Gapped regions are regions, in which an insertion (ins) is found. -1 is the first ins, -2 the
second ins and so on.
Additional output
Other than the graphical output, the following output files will be available:
- Alignment
- - The multiple sequence alignment used for the analysis
- Excel file 1 (.csv with blanks)
- - Excel compatible z-score table.
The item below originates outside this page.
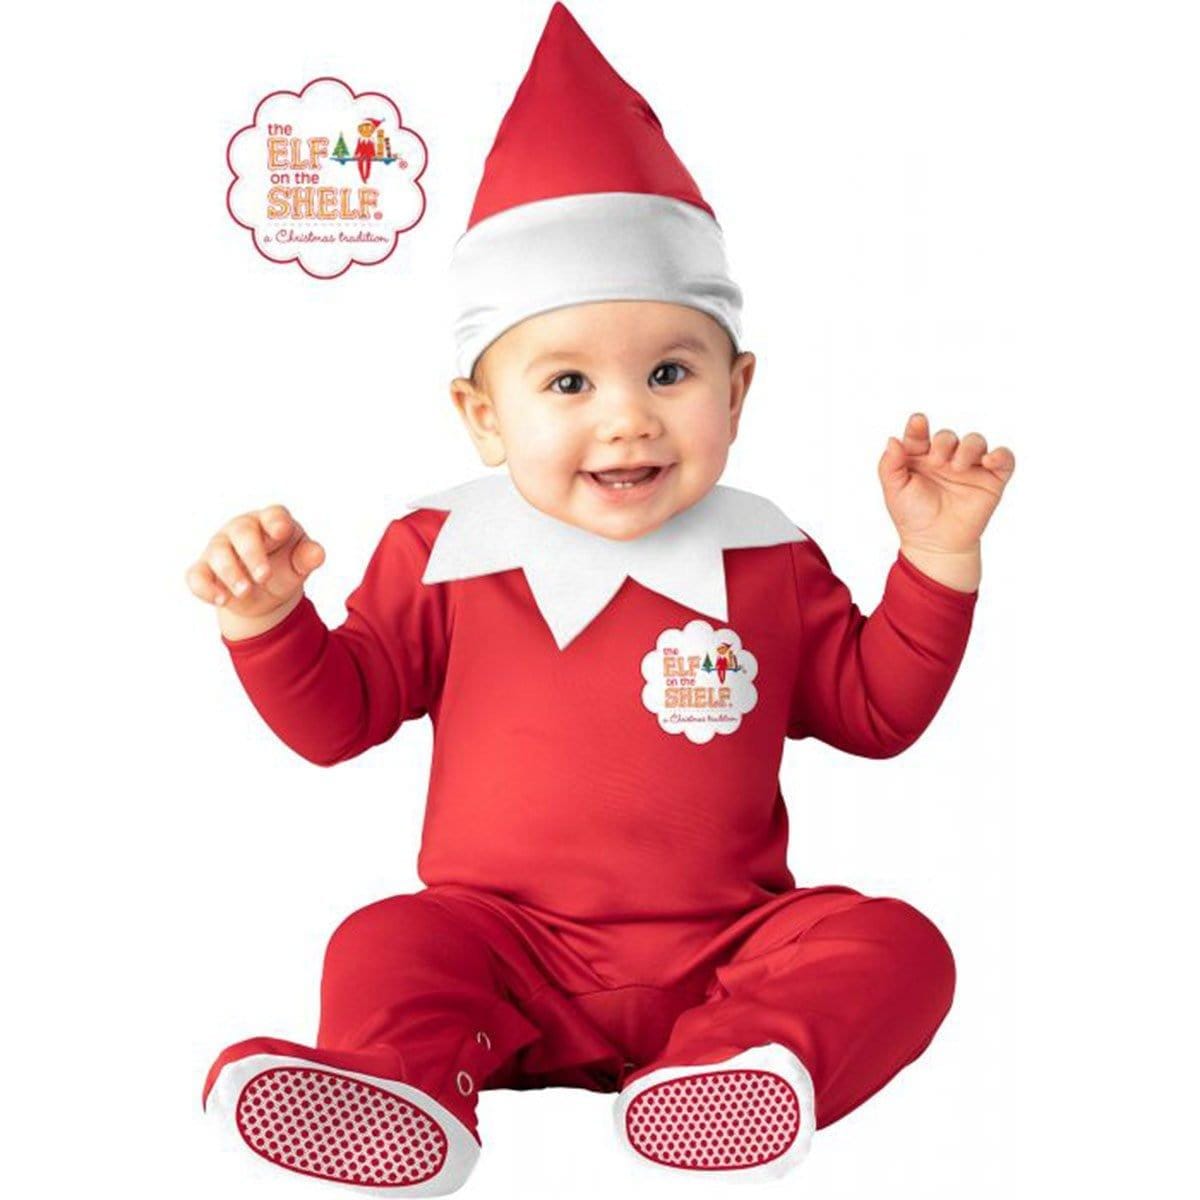 Buy Christmas Elf Costume for Toddlers, Elf On The Shelf: A Christmas Tradition sold at Party Expert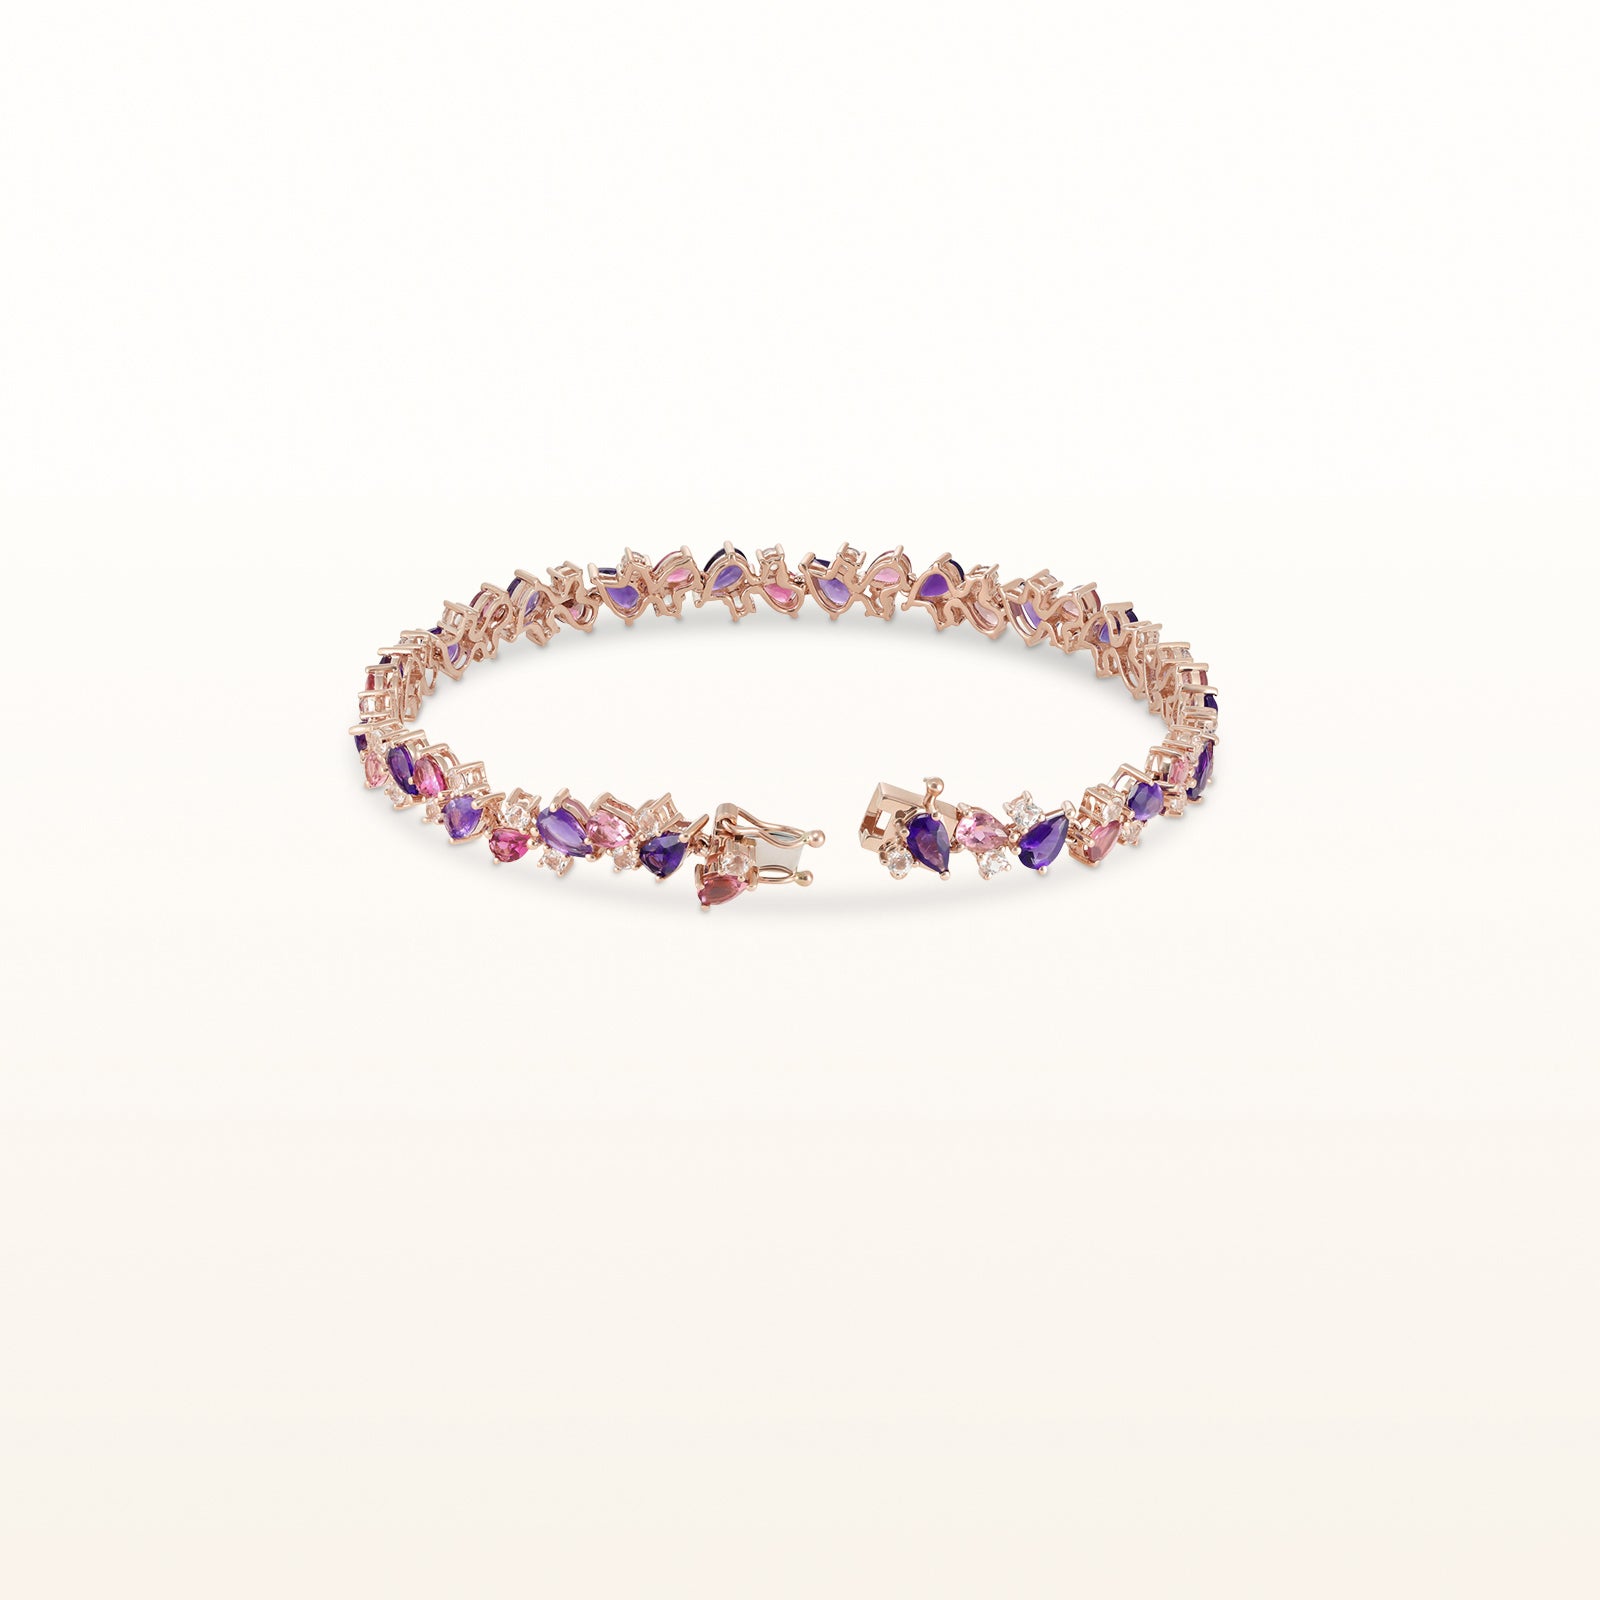 Pear Shaped Amethyst and Pink Tourmaline Bracelet with White Topaz Accents in 14kt Rose Gold

All non-present residues are blank
- Excel file 2 (.csv with zeros)
- - Excel compatible z-score table. All non-present residues are '0.000'
- HTML score table
- - Printer friendly z-score table in HTML format.
- Weight matrix/PSSM
- - Position Specific Scoring Matrix (PSSM)
- Rank list of z-scores
- - Ranked list of z-scores. Columns are:
- #Pos: The position in the submitted multiple sequence alignment
- Cons: The consensus residue at the position
- Resi: The amino acid residue for which the z-score was computed
- Asso: Positive or negative association of z-scores (denotes z<0 or z>0)
- Zsco: The absolute value of the computed z-score (i.e. 'ignoring' the sign of z)
- Pval: The p-value corresponding to the computed z-score
- Rank: The rank of the z-score (Tied values are assigned mean rank)
References
For publication of results, please cite [1]
-
Jessen LE, Hoof I, Lund O, Nielsen M.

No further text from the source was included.